For example, breakfast might be two hard-boiled eggs with a slice of whole-wheat toast and a bowl of cantaloupe. Minestrone soup with a grilled chicken salad makes a good lunch choice. At dinner, fill up with broiled salmon, a baked sweet potato and roasted asparagus. Nonfat yogurt, fresh fruit, cut veggies, low-fat cheese or whole-grain crackers make good snack options.

Also, be sure to limit your intake of junk food — soda, sweet tea, cookies, cake, candy and fried foods. These types of foods raise your calorie intake without offering any health benefits. When it comes to drinks, water makes the best choice.

Exercise to Burn Off Kilograms

Every good weight-loss plan should include physical activity. Aerobic exercise, such as a brisk walk or a spin class, is a good way to burn off calories. Aim for 60 minutes of moderate-intensity exercise five days a week —a bike ride, jog or a water aerobics class are all options.

One of the consequences of slimming down is loss of lean muscle tissue.
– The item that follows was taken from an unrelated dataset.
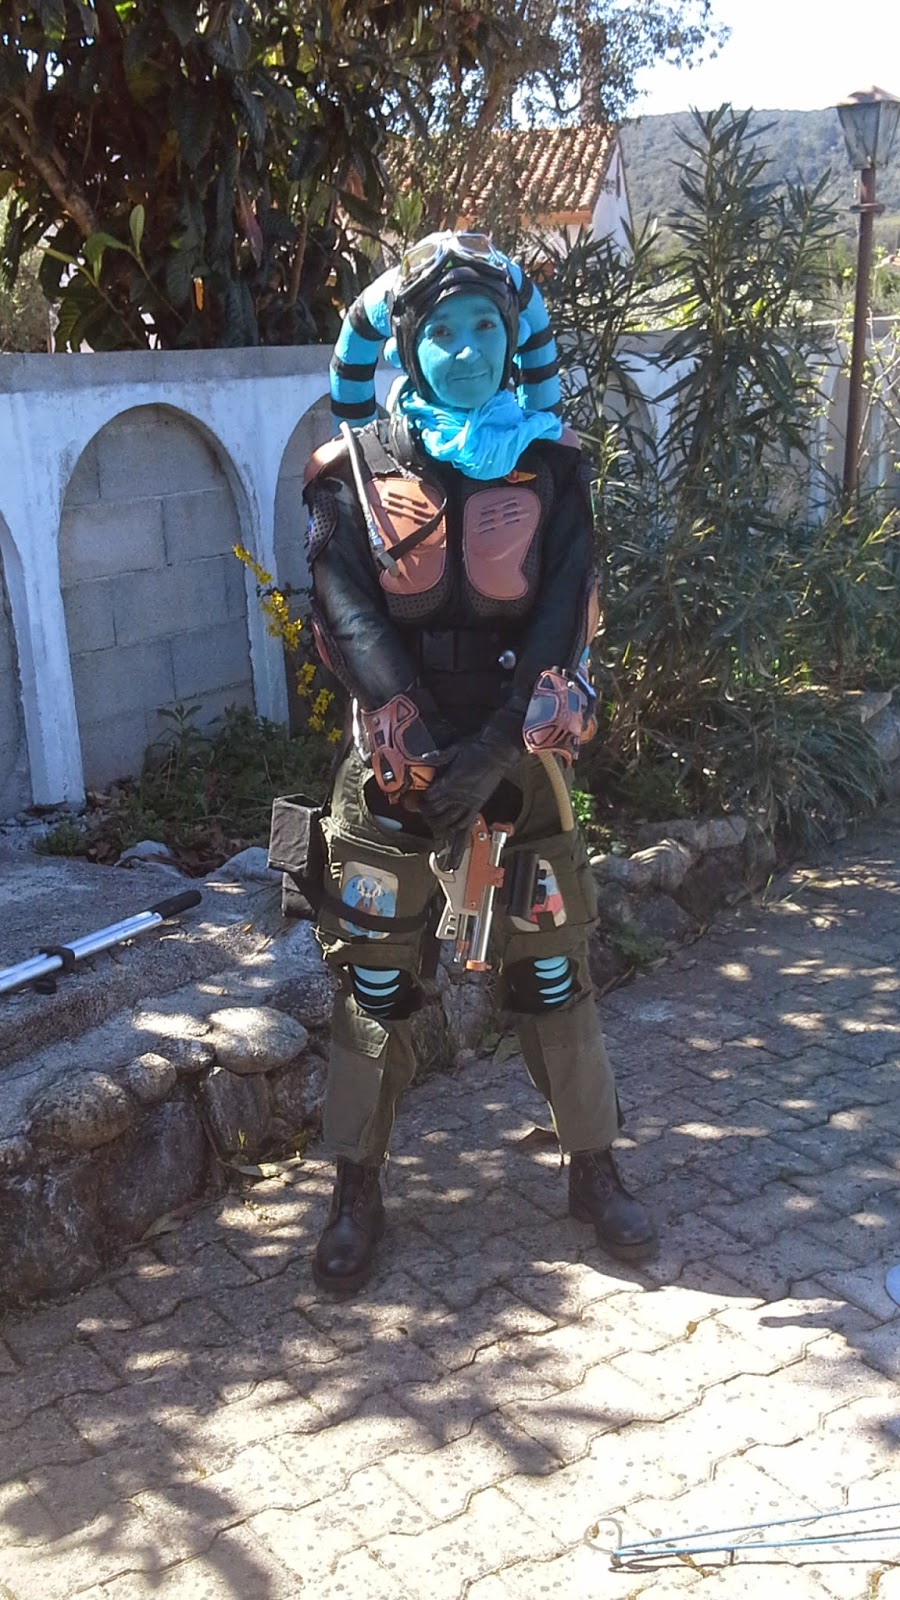 cosplay twi'lek

As you restrict calories, your body loses muscle along with fat.

Muscle helps your body burn calories, so limiting muscle loss can help you lose weight in a couple of ways. It can help prevent the plateau most dieters experience. Second, retaining lean body mass can keep your metabolism humming so you don't need to reduce your calories even further to continue losing weight.

You might be able to offset some of the muscle loss by including strength-training as part of your exercise routine.

Work out each major muscle group — legs, abs, chest, shoulders, back and arms — twice a week using free weights, weight machines or a resistance band. Leave at least one day between strength-training workouts to allow your muscles to rest.